The attacks on the United States were "a crime", he said, and "an injustice".

Osama bin Laden, the man identified by the United States as the likely organiser of the attacks was "by his utterances, a suspect", he agreed.

But he said that proof was needed and justice, not revenge against innocent Muslims, should be done.

"It was a crime. But it was a crime perpetrated by individuals and justice demands that those individuals should be tried and when found guilty they should be punished," Zakzaky said.

"Injustice has been done to America but it is not justice to commit another injustice."

The Islamic leader, a follower of the Shia sect, has shown his ability in the past to bring a million people out onto the streets in Nigeria, but said Thursday he hopes the United States will not now launch what he called "a war on all Muslims."

"The reaction, the effect it has here, depends on what the Americans do now. (US President George W.) Bush going to the mosque and saying that Islam is a religion of peace was good. Calling it a crusade was very offensive.

"There are some voices of sanity starting to be heard. But if they turn it into a war against Islam, it will radicalise the situation here," Zakzaky said.

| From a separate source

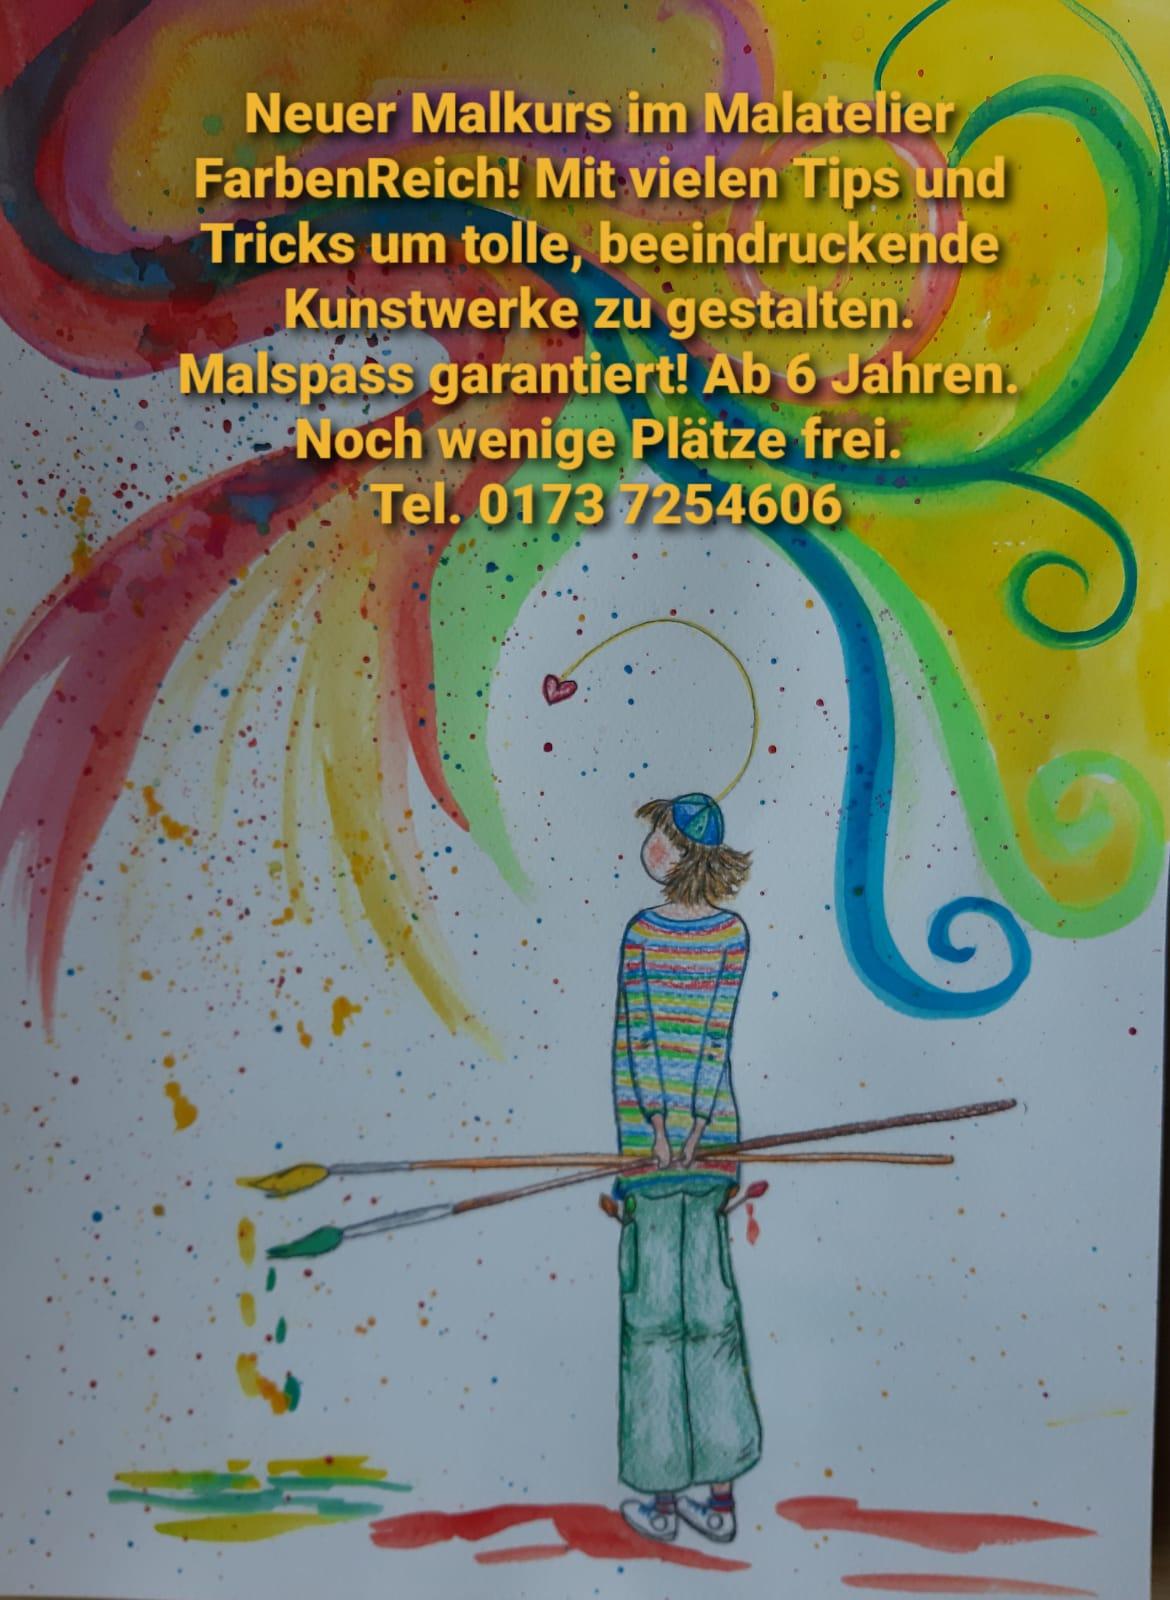 Neuer Malkurs im Malatelier FarbenReich um beeindruckende Kunstwerke zu gestalten. Ab 6 Jahren - jetzt anmelden!

Islam is already widely seen as on the rise in Nigeria, where 12 northern states have in the past two years introduced Islamic Sharia law, and tensions between Muslims and Christians frequently come to the surface, most recently in the city of Jos where over 500 died this month.

One of the main backers of that rise in Islam is Abubakar Mujahid, the bespectacled and studious leader of Ja'amatu Tajidmul Islami - the Movement for Islamic Revival.

Sitting cross-legged on a mat in an almost bare 12 foot by 10 foot white-washed room, his condemnations of the attacks in the United States are less fulsome than that of Zakzaky, an erstwhile mentor.

"Muslims in northern Nigeria sympathise with the innocent people who died but they feel that America deserved the blow because of its terrible foreign policies, its stand against Islam, its oppression of Muslims, its stand on Palestine," he said.

But despite the celebrations among his mainly Sunni supporters of the events of September 11, he too said they were wrong: "If America can give proof that it was Osama, then it will be justified" to attack him," he said.

"People here in Nigeria like Osama because they see him as a symbol of a Muslim standing up to the world bully, but it stops there. We might have demonstrations, but unless they go the cowboy way, it will not be more than that," he said.